Would the difference of fully amplified and rear amplified be anything to do with the roadster having a sub and the coupe not. I'm not sure, just interested.

Jas


----------



## sallyandsean (Oct 3, 2010)

jonnyboy82 said:


> Steve yes the h/unit does have RCA outputs so am i definately going to need the pc9-410 and i do have the bose too. Whether its rear amplified or fully amplified i have no idea? Does this make a difference to to whether i need the pc9-408 or pc9-410??
> 
> 
> 
> ...


OK, Great that you are getting power to the unit as that saves a lot of time. The red block you have will have the RCA pins in the wrong place as these aftermarket leads always do! All you have to do is unclip the pins in the red block and move them across or with 2 small bits of wire make a U to bridge it across like so








You also need to connect the blue wire from your new HU to the blue wire on your after market lead to power the bose amp This will give you sound as I can see from your pictures your clips are the wrong way round. Let me know if this works (it should) if not I can help further!!


----------



## jonnyboy82 (Aug 27, 2010)

I cannot see that pic you posted mate?

So just change the pins and that's it, it will work fine. Why don't the pins come correct to begin with?

Dod you install a stereo with RCA too?


----------



## jas6004 (May 4, 2009)

viewtopic.php?f=2&t=188198

This is the link to the pics sallyandsean took when trying to get his head unit to work.
Seeing as you already have the Pc9-404 lead, it would be worth trying to move pins in red plug.

Jas


----------



## jonnyboy82 (Aug 27, 2010)

Right I have found out I do have the fully amplified bose so I have ordered the PC9-410 and the ground loop isolator. So when it arrives I will update with my progress.

Many thanks for all your help people really appreciate it :wink:


----------



## jonnyboy82 (Aug 27, 2010)

So seeing as i am now waitong for the correct iso adapter which is probably going to be best part of a week i want to use my bose h/unit but i do not have the code. So far i have rang almost 10 audi dealers for my h/unit code and they have all said book the car in and its going to cost about £25-£30 quid. I have also tried them websites where you put the serial no in and they will get the code for £10 etc but they cdont work??

So other than having the code in the book, which i dont is this my only option to go to the dealer then and pay them??


----------



## sallyandsean (Oct 3, 2010)

Just type "radio code" into Google and load of companys come up that charge a couple of pounds for a code.

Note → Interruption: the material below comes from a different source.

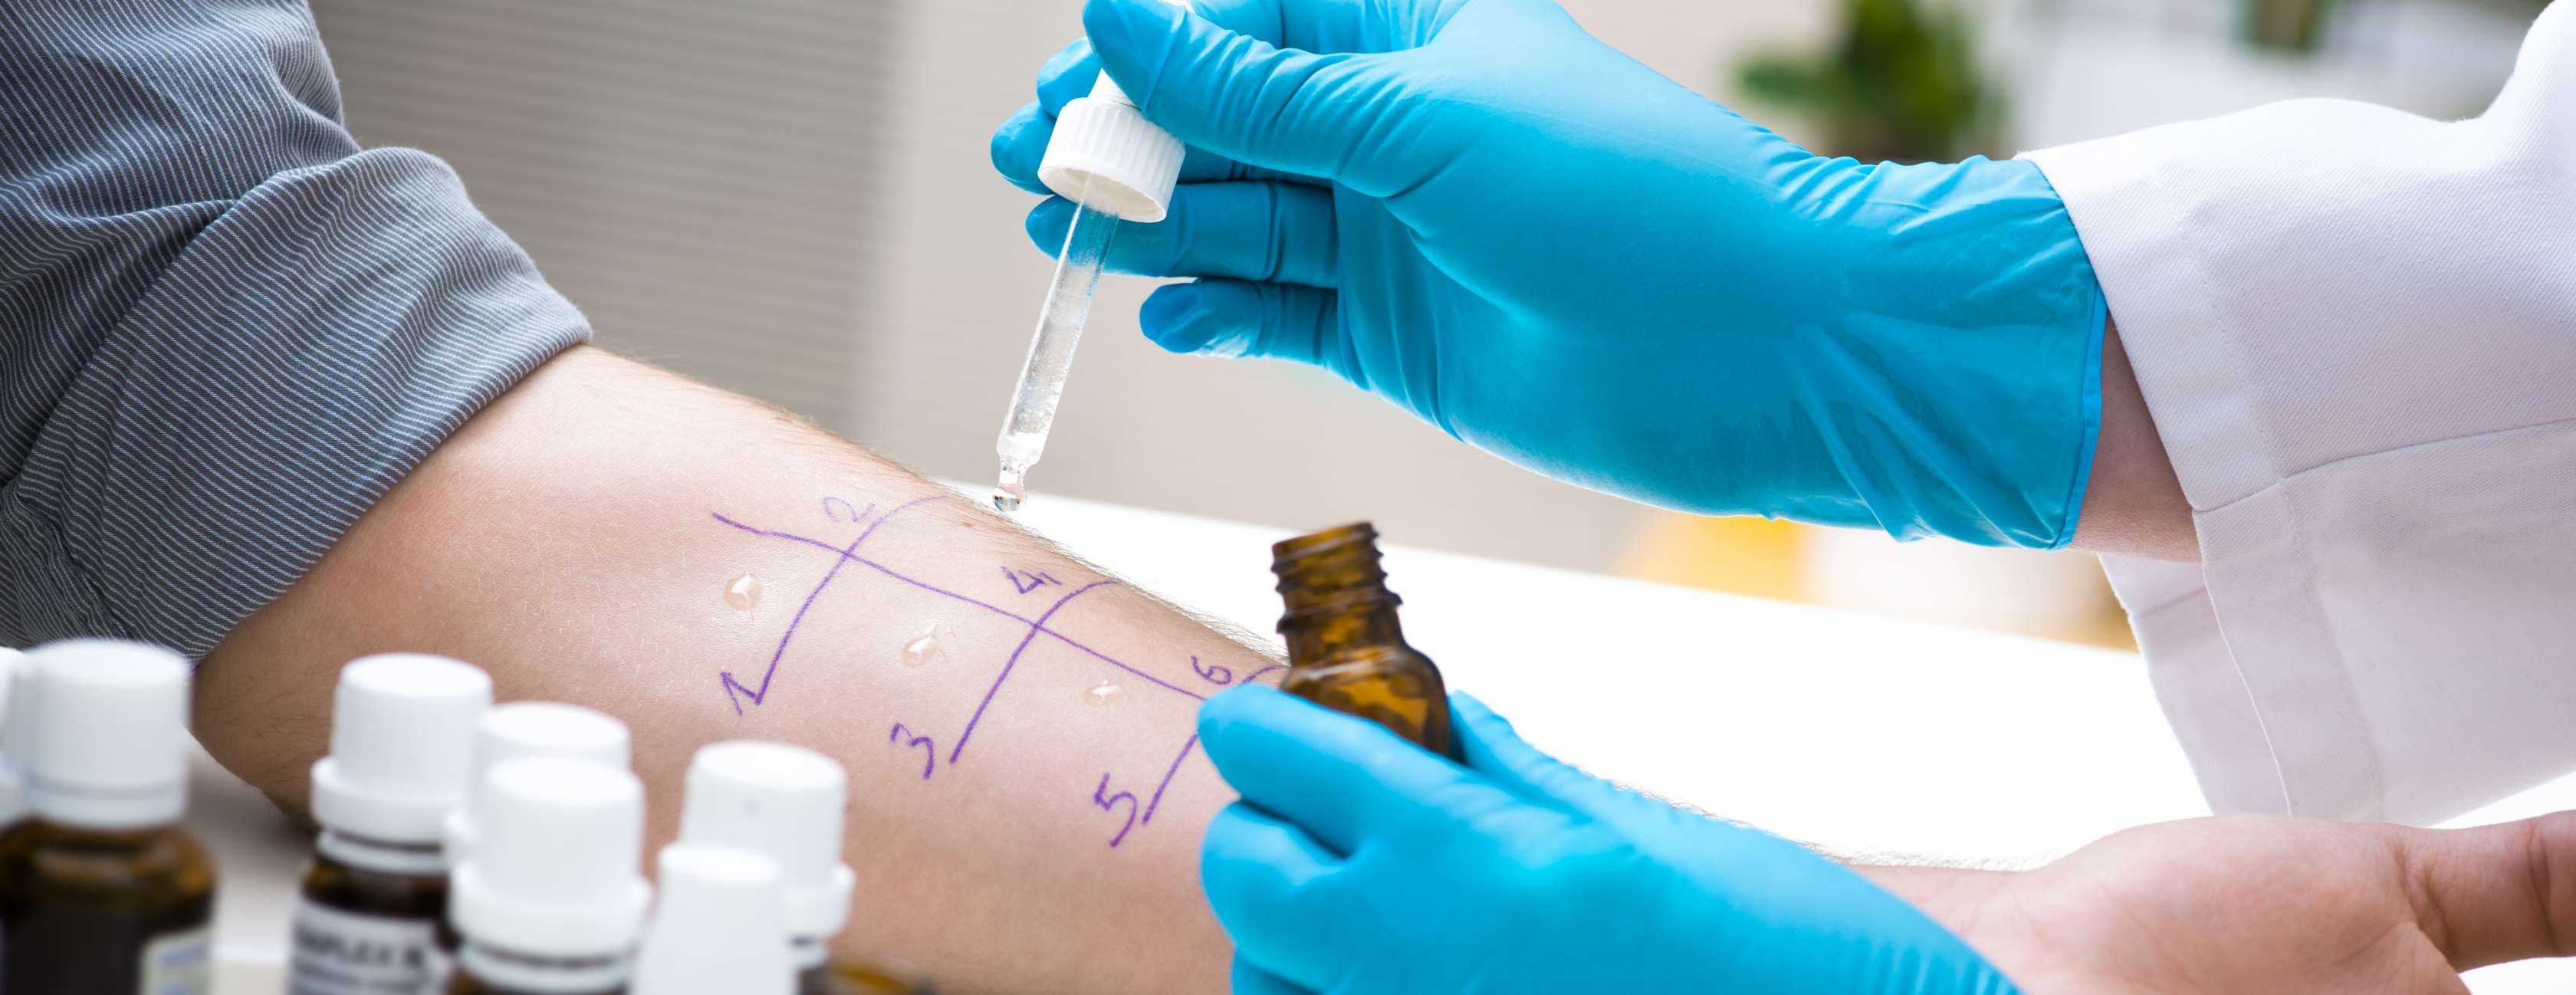 Allianz - Mit einem Prick-Test am Unterarm lassen sich Allergien erkennen

All you need to do is give them the long number on the back of the headunit and they will email the code to you just like unlocking a mobile phone!


----------



## jonnyboy82 (Aug 27, 2010)

sallyandsean said:


> Just type "radio code" into Google and load of companys come up that charge a couple of pounds for a code. All you need to do is give them the long number on the back of the headunit and they will email the code to you just like unlocking a mobile phone!


I did try a few of them but none of them worked, said that they could not find the code. Not to worry anyway as I have it now. A nice chap from another forum managed to source it for me. Just got to wait for my adapter now to get my pioneer fitted but atleast I got something to listen to in the meantime


----------



## jonnyboy82 (Aug 27, 2010)

Right so recieved my pc9-410 went out to fit and exactly the same as before NO bloody sound :?:

This is really starting to piss me off now how difficult can it be? These adapters are meant to be plug n play and instead they dont work? Can anyone shed some light on this?

The h/unit powers up fine just no sound? I have even checked the fuses just to be sure but then if it was a fuse the bose h/unit would not be working?

I connected everyting up correctly as the instructions boyci wrote on here so what else can it be??


----------



## sallyandsean (Oct 3, 2010)

jonnyboy82 said:


> Right so recieved my pc9-410 went out to fit and exactly the same as before NO bloody sound :?:
> 
> This is really starting to piss me off now how difficult can it be? These adapters are meant to be plug n play and instead they dont work? Can anyone shed some light on this?
> 
> ...


Been there my friend, like I said before if you are using the RCA out of the HU to the bose amp you need the move the pins in the red block across one. Have a good read through the thread I started cos once you get your head round it, it's really simple and at first I was proper lost!
Also just to go over old ground, you have put the remote lead (blue wire) from your new HU to the bose amp??


----------



## jonnyboy82 (Aug 27, 2010)

sallyandsean said:


> jonnyboy82 said:
> 
> 
> > Right so recieved my pc9-410 went out to fit and exactly the same as before NO bloody sound :?:
> ...


Yes i have put the remote lead (blue wire) from your new HU to the bose amp. As for moving the pins how do you do this without the correct tool?


----------



## sallyandsean (Oct 3, 2010)

jonnyboy82 said:


> sallyandsean said:
> 
> 
> > jonnyboy82 said:
> ...


All I did was make 2 little U shape bits of wire to bridge them across in the holes!!


----------



## Sh0x (Aug 29, 2010)

when I fitted my 408 outside the car audi shop today I got no sound. Then the guy said to connect the blue wire to the yellow power wire and BAM there was sound :lol: . I think he said the remote wire from my stereo may not be working or active.


----------



## jonnyboy82 (Aug 27, 2010)

Well I sent the seller an email explaining how the iso lead is wrong as the pins are on the wrong side and I also phoned him today. He was very apologetic and told me to send it back freepost and he will refund me. He was very shocked tho and says this is the first of about 50 to have this problem.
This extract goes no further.